Summary: God created us to not only serve within the church but out in the world


Text: 2 Peter 3:9; I Timothy 2:4; John 3:16

Sunday, May 30, 2004

Welcome back to 40 Days of Purpose; it has gone by fast. There has been a lot of content, a lot of material, but it has gone by extremely fast. You will want to take out your outlines at this time if you want to follow along. It might be helpful. This week we are on day 36. Today is day 36. There are five more days and we are done. The five purposes really sum up what Christianity is all about; what God desires to do in our lives is summed up in those five purposes

What have we learned about those purposes? One thing we have learned is that the key to life is God. The starting point for making meaning out of our life is realizing we are created by God. It is all about God. It is the first phrase in the Bible in Genesis 1:1: “In the beginning God . . .”. We learned also that the image for life is not an hourglass, the sands of time simply running down, but actually life is more like a gym, a health gym. This is preparation for eternity. How we do in this life determines what happens in our next life. God is using this life to make that determination and also to instill practices which we will use in eternity for all time.

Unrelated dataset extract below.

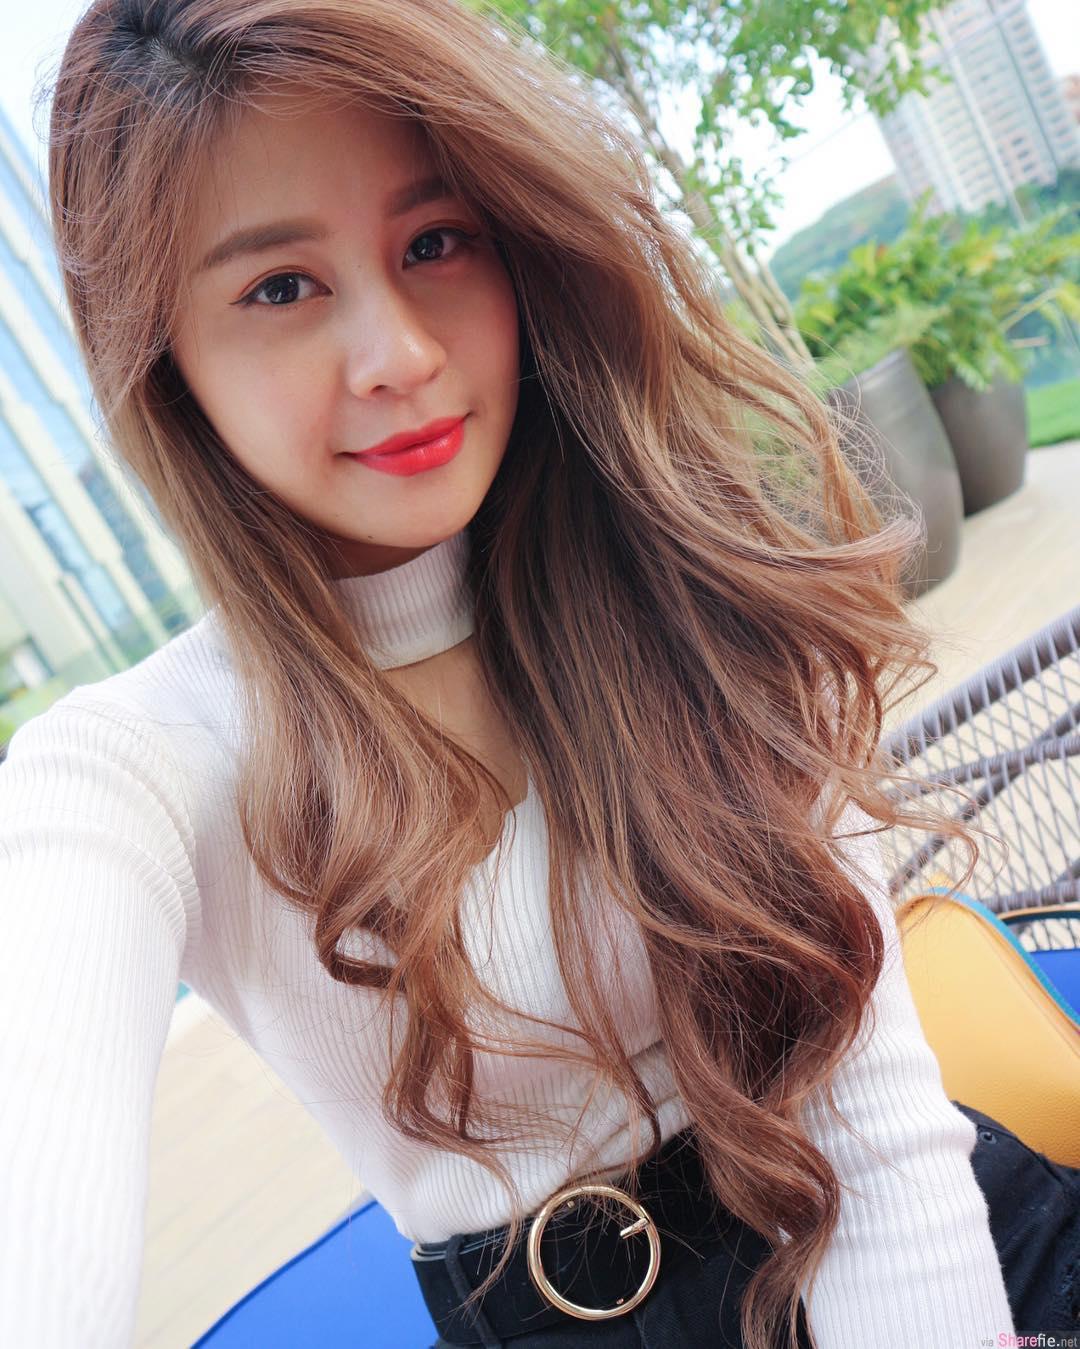 大马正妹 Yuth 颜韵芝 马甲线超吸睛 网友: 为什么你可以那么美
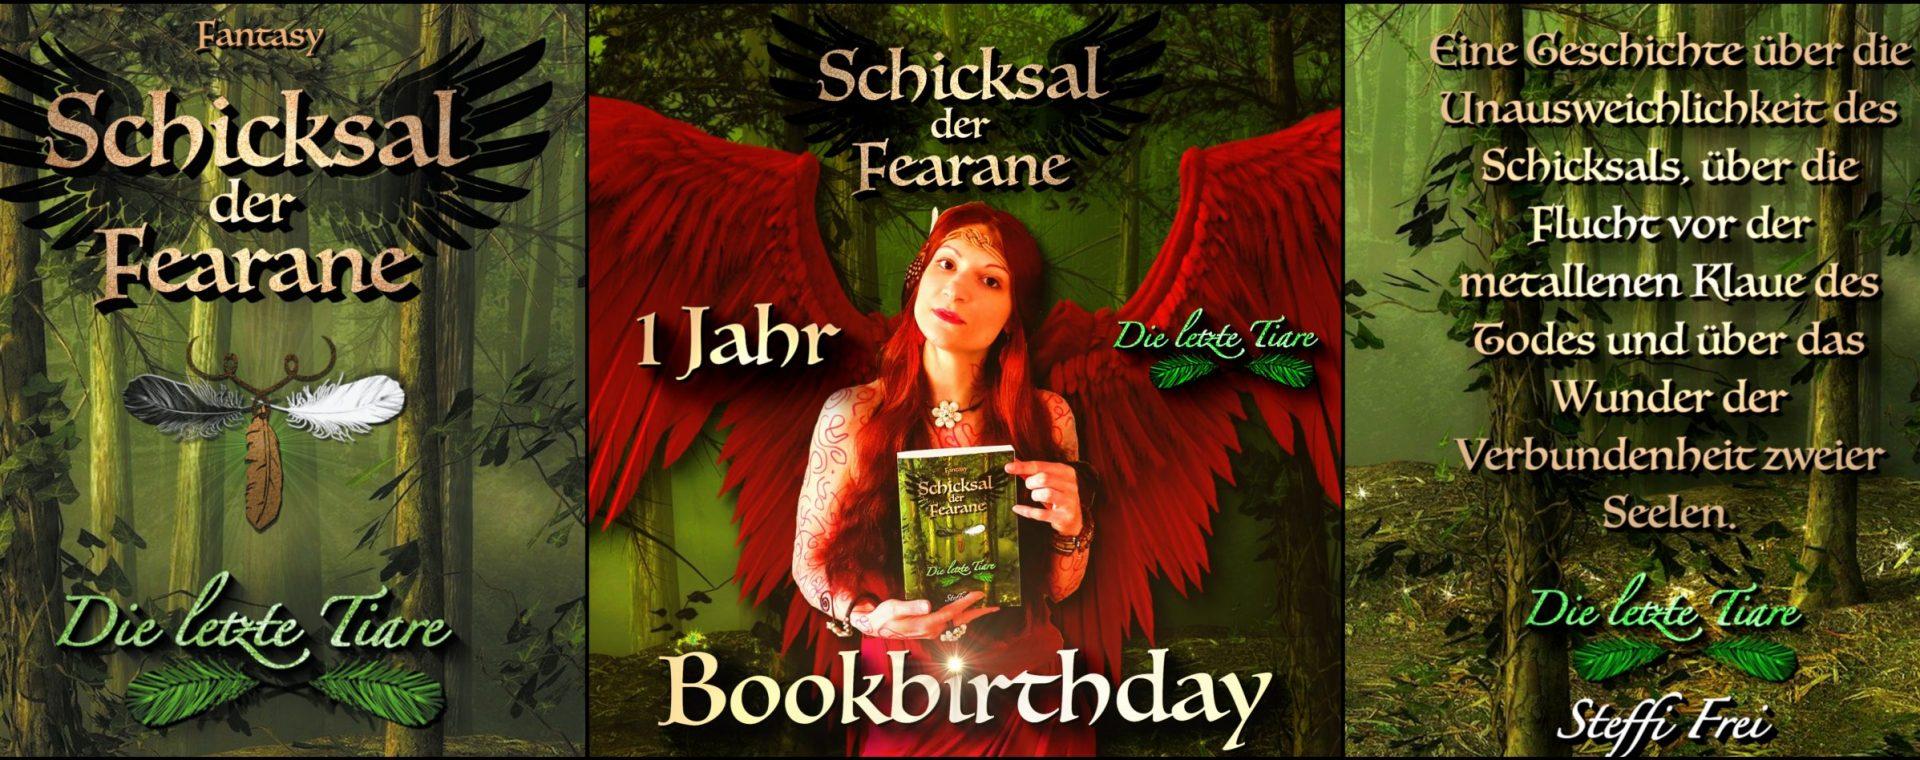 """Bookbirthday: 1 Jahr """"Die letzte Tiare"""" von Steffi Frei"""

For those practices we have covered so far the first one is worship, simply loving God back. We love God back through corporate worship, through personal worship, and through acts of obedience. We learned about fellowship. Fellowship means simply that we need each other. We were created for each other, not to be alone. We learned that the third purpose is discipleship, meaning God desires to restore us in his image. God is more interested in our character than he is in our comfort. Last week we learned that the fourth purpose is ministry. We were not created to consume, but we were created to make a contribution. All four of these purposes can be used for all eternity. We will practice them in heaven as we are doing on Earth. This fifth purpose, however, is one that is limited in time. It is not one that is practiced in heaven. It is simply a purpose which will be expressed here and now. It is captured in John 17:18 and here is what it says. Jesus said: “In the same way that you gave Me a mission in the world” [this is Jesus praying to his Father in the final prayer in Gethsemane], “I give them a mission in the world.” Note the phrase “in the world,” this is something that takes place in the world. Last week we talked about ministry to believers, today we are talking about mission to unbelievers, mission to those who have not yet come to a saving knowledge of Christ. We all have a specific mission and we also have a common mission.

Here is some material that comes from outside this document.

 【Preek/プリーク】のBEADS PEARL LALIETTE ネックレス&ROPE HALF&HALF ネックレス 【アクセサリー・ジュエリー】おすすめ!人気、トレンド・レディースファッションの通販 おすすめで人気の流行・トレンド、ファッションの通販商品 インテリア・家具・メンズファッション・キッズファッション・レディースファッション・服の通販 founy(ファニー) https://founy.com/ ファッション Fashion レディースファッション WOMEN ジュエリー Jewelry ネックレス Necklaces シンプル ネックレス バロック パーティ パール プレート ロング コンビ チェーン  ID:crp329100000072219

Today we will be talking about our common mission. What is that common mission? That common mission is captured in Acts 20:24. Paul says it very well and it is listed there. The most important thing is that I complete my mission: the work that the Lord Jesus gave me to tell people the good news about God’s grace. You’ve probably heard it differently -Matthew 28:20 is the common one. The great commission was to go into all the world and make disciples or, better said, it really is a participle. It begins with a participle: as you go, as you go out in your daily life, make disciples, tell others about me.

So the fifth purpose in our lives that God has is simply to share the gospel or share the good news with others. It is fitting that we are talking about this on Memorial Day weekend and on Pentecost Sunday because Memorial Day is captured in two words – remembrance and responsibility – and on the Memorial Day weekend we remember those who have sacrificed all for us and we reap the benefits of their sacrifice. As Christians, we remember the sacrifice of Christ and we reap the benefits of his sacrifice. We also are called to responsibility, as we have experienced freedom ourselves, we have the responsibility to help others experience freedom, and it’s the same thing as Christians. We have experienced freedom in Christ and it is our responsibility to share that freedom with others so other people experience the same freedom that we have.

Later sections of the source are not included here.